El mundo no puede seguir transigiendo con el régimen. Ya van sesenta y dos años. ¿Hay que esperar otros sesenta y dos cruzados de brazos mientras Cuba se desangra? Me resulta repulsiva la idea, tan extendida incluso entre quienes condenan el comunismo cubano, de que “hay que dejarles a ellos solos”, “no es asunto nuestro” o “no puede inducirse desde fuera el cambio”. Claro que se puede. Y se debe. La soberanía nacional de los Estados es infinitamente menos importante que la soberanía individual de cada cubano. Y ésta es la que lleva seis décadas aplastada por el régimen totalitario. Díaz-Canel y toda la nomenklatura deben sentir una presión inédita, acorde con un movimiento social también inedito en la sociedad de la isla.
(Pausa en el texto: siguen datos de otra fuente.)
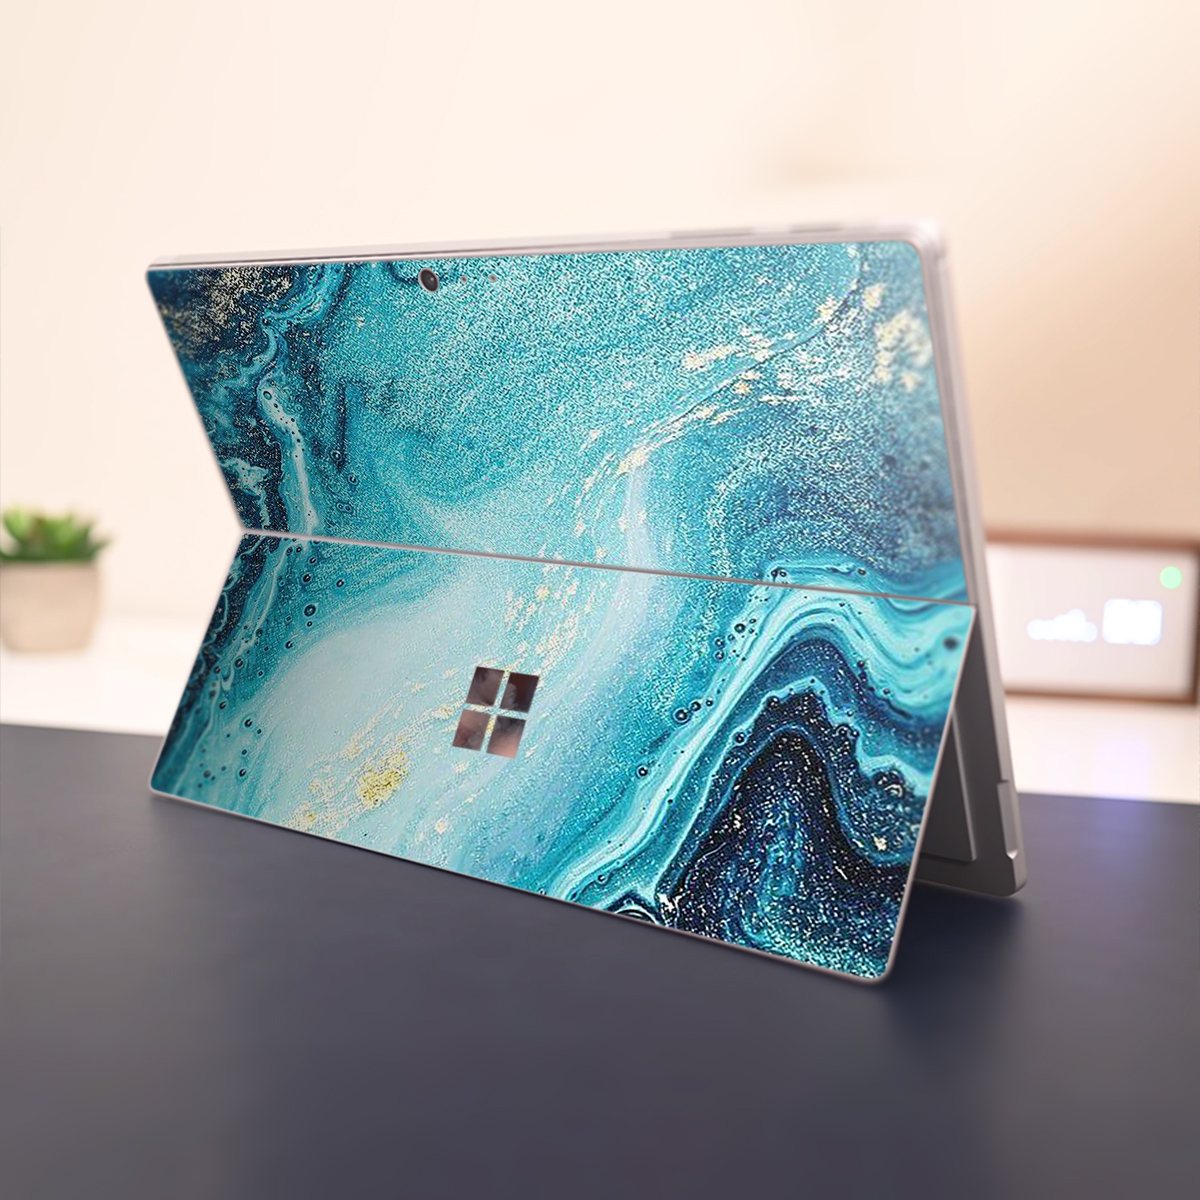 Skin dán hình vân đá cho Surface Go, Pro 2, Pro 3, Pro 4, Pro 5, Pro 6, Pro 7, Pro X
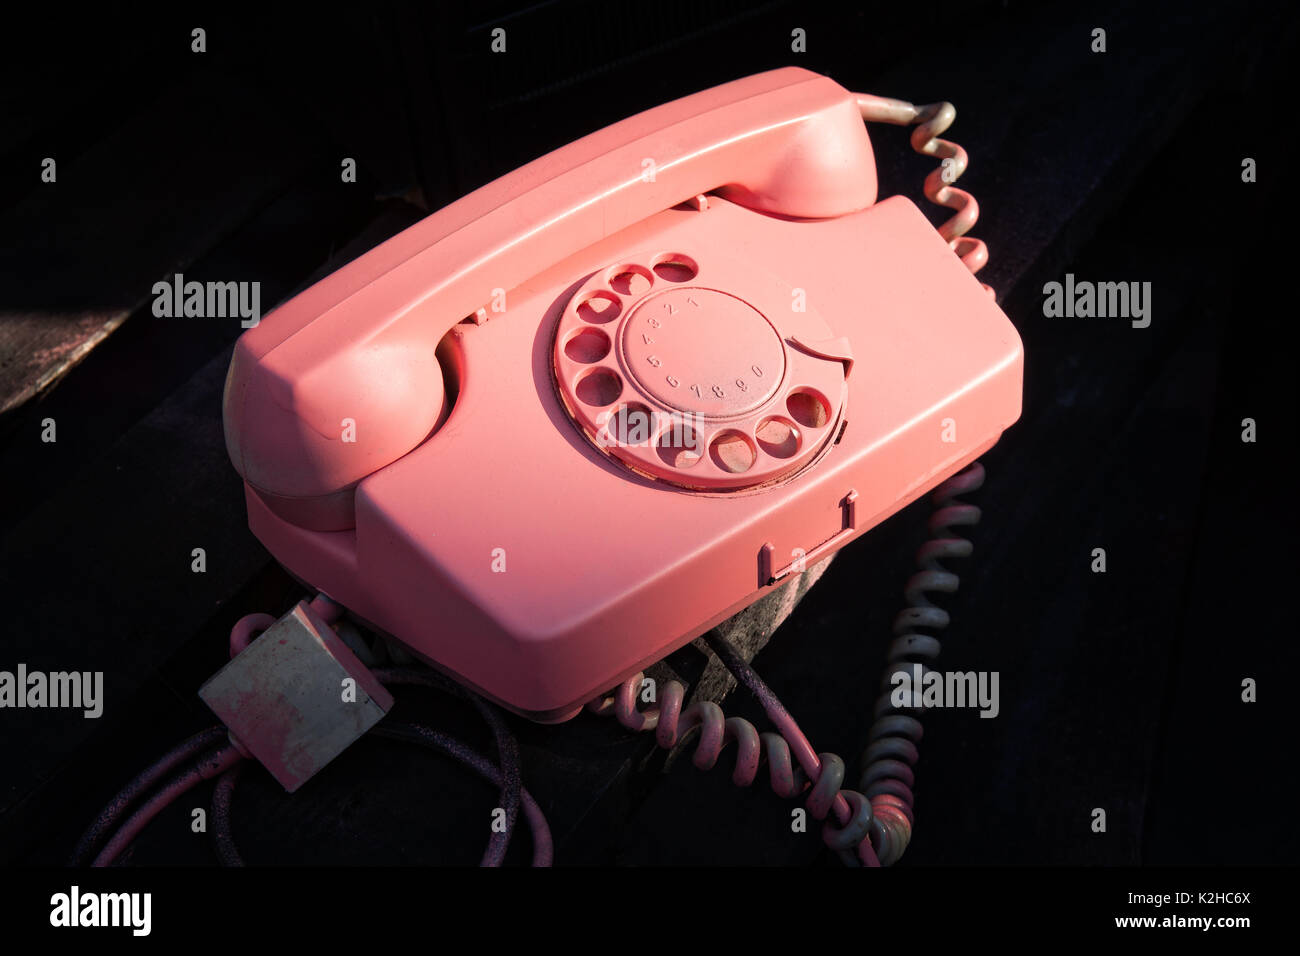 Iluminado de color rosa vintage retro teléfono usado contra el fondo oscuro. La tecnología de la comunicación del pasado. Foto de stock

La Antilla Grande no puede seguir siendo la Corea del Norte del hemisferio occidental, ni el vector de propagación de la peor pandemia ideológica de las últimas décadas: el neocomunismo que se ha enseñoreado de Venezuela, Nicaragua y otros países latinoamericanos. El régimen debe caer y Cuba debe iniciar una transición rápida. Seis décadas de comunismo han traído miseria, pero una sola de capitalismo situará a la isla como una Corea del Sur o una Taiwán de habla española. Urge bloquear, congelar y confiscar absolutamente todos los activos del Estado cubano y de los jerarcas del Partido Comunista en el exterior. Urge acabar con el embargo, sí, pero para sustituirlo por un auténtico bloqueo político, diplomático y sobre todo económico que sí resulte efectivo, como lo fue el que derribó al régimen racista de Sudáfrica. Sólo así podremos arrodillar a la nomenklatura comunista y ponerla al borde de una insurrección popular de consecuencias extremas, único lenguaje que parece entender esa élite. Y urge habilitar, en casos como el de Cuba, la primacía del derecho y deber de injerencia humanitaria y por las libertades, sobre cualquier vestigio del obsoleto principio de soberanía de los Estados. Cuba debe salir del pozo, y no va a salir sola. Hace falta una acción decidida desde el exterior, y es una tristísima vergüenza que España, precisamente España, no acompañe a la sociedad cubana en ese camino y se haga cómplice, una vez más, de una de las peores dictaduras que quedan en el mundo. Albares tiene que quitarse el gorro de embajador, ponerse el de político y hacer de una vez algo diferente a lo que llevamos haciendo toda la vida, porque las circunstancias también son ahora diferentes. Ayudemos a liberar Cuba.